A Run is a single execution of an Agent. When you assign a task to an agent by providing it with specific inputs, you initiate a run. The run represents the entire lifecycle of that task, from starting the process to delivering the final result. Each run is a distinct, logged instance of an agent’s work, allowing you to track and analyze its performance on a case-by-case basis. Runs are tied to a specific agent revision, ensuring consistent and reproducible execution.

The Anatomy of a Run

  • Input: Every run begins with an input, which is a JSON object that conforms to the agent’s defined inputSchema. This input provides the specific data and parameters the agent needs to complete its task. For example, if you have a research agent, the input might be {"topic": "AI in healthcare"}. Learn more about how to define and use Inputs.
  • Agent Revision: Each run executes against a specific agent revision. By default, runs use the published revision, but you can specify any revision ID to test draft changes or reproduce historical results.
  • Status: A run progresses through several statuses:
    • pending: The run has been created but has not yet started.
    • running: The agent is actively working on the task.
    • done: The agent has successfully completed the task.
    • error: The run failed due to an error.
  • Events: During a run, the agent emits a series of events that provide a real-time log of its thought process and actions. These events include planning, reasoning, and tool_call, giving you full visibility into how the agent is working towards its goal.
  • Result: Once a run is complete, it produces a resultData. This can be a text document or a structured json object, depending on the agent’s configuration. If the agent used research tools, the result will also include a list of sources it consulted.

Why are Runs Important?

Runs are essential for several reasons:
  • Traceability: They provide a complete audit trail of an agent’s activity. You can see exactly what an agent did, what tools it used, and how it arrived at its conclusions.
  • Debugging: When a run fails or produces unexpected results, the detailed event log is invaluable for debugging. You can pinpoint the exact step where things went wrong.
  • Performance Monitoring: By analyzing multiple runs, you can evaluate an agent’s consistency and accuracy over time, helping you identify opportunities for improvement.
  • Scalability: An agent can be run many times in parallel with different inputs, allowing you to automate tasks at a massive scale. Each run is an independent process.

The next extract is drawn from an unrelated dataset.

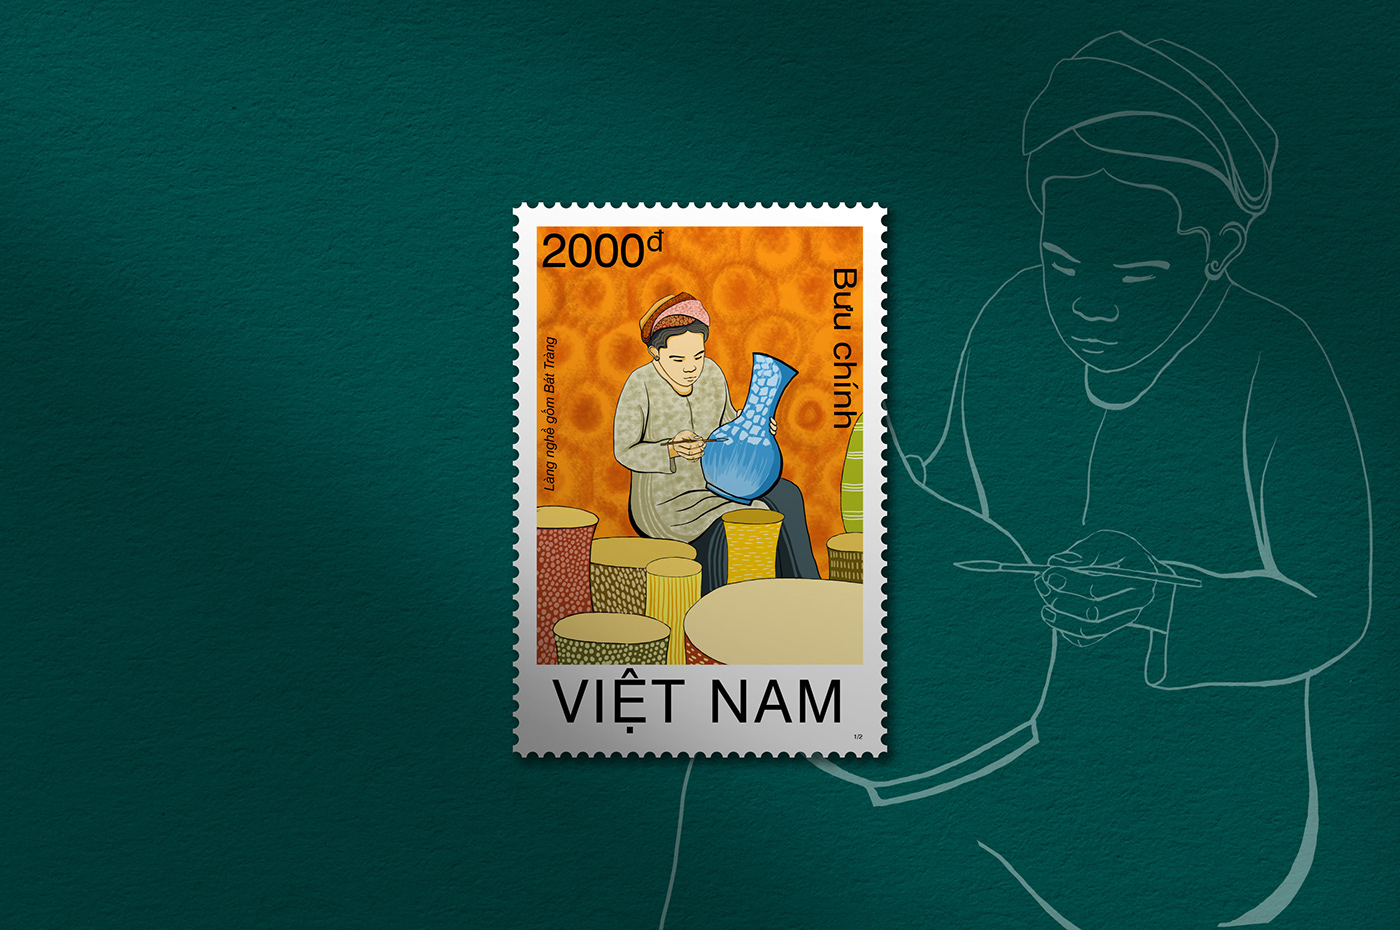 Bat Trang concept art designer Digital Art  digital illustration ilustracion postage stamps stamp Stamp Design village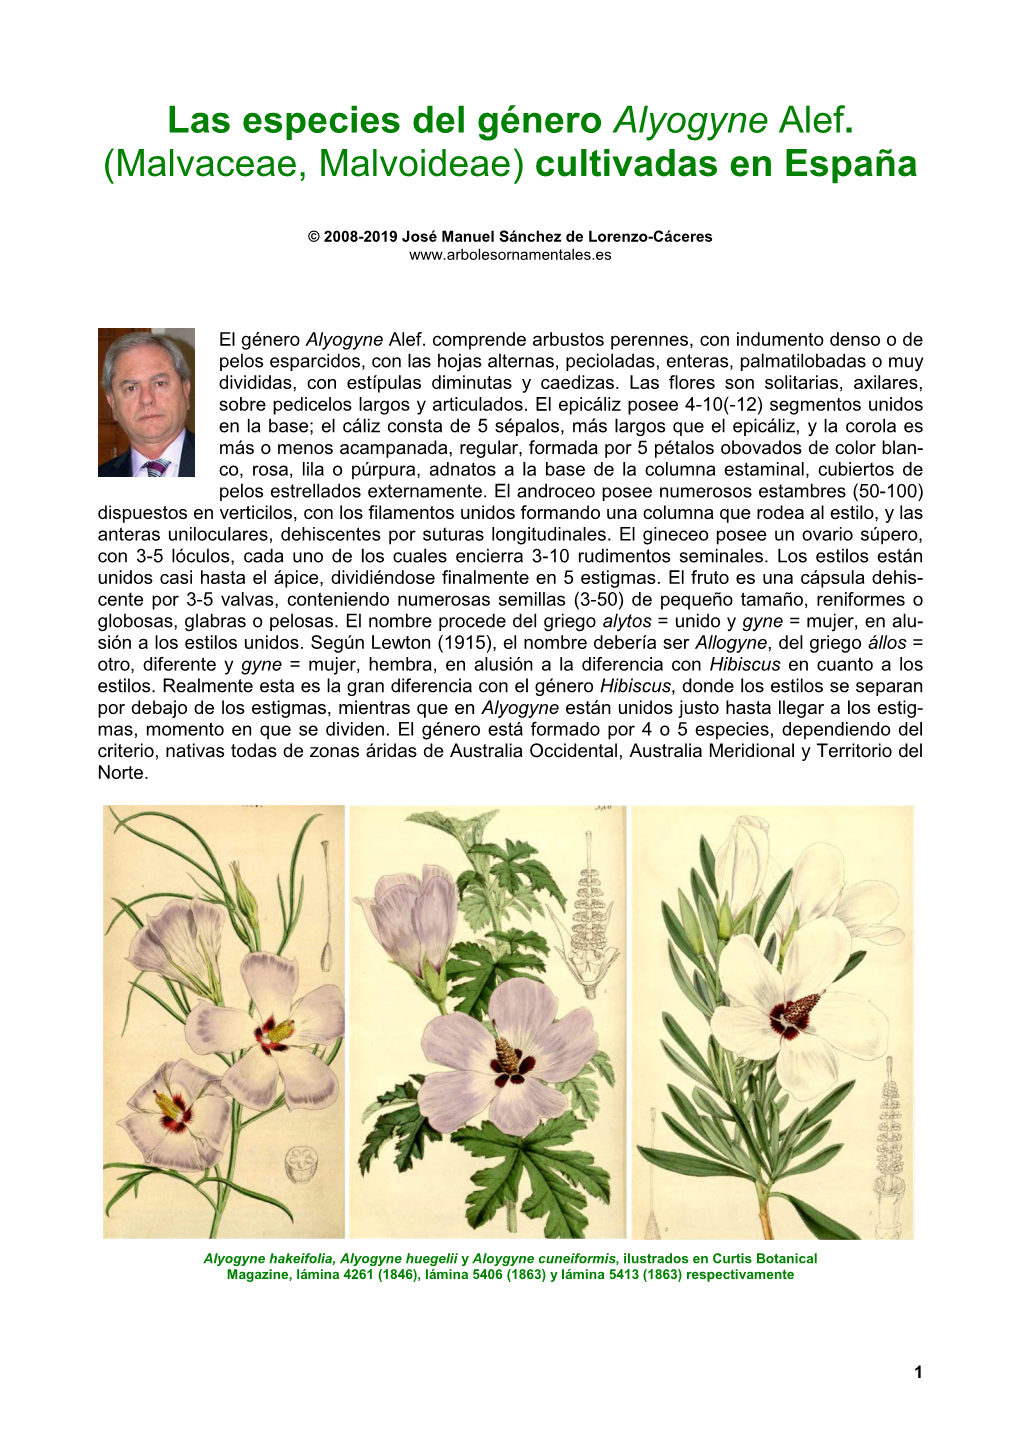 Las Especies Del Género Alyogyne Alef. (Malvaceae, Malvoideae) Cultivadas En España

Creating Runs with Specific Revisions

When creating a run, you have two options for revision selection:
By default, runs use the agent’s published revision:
curl -X POST https://api.ag.dev/v0.1/agents/{agentId}/runs \
  -H "Authorization: Bearer YOUR_API_KEY" \
  -d '{"input": {"topic": "AI in healthcare"}}'
If no revision has been published, the run will fail with an error. Make sure to publish at least one revision before creating production runs.
You can create and monitor runs through the Console or programmatically via the API. Each run maintains a permanent link to the specific revision it executed, ensuring full traceability.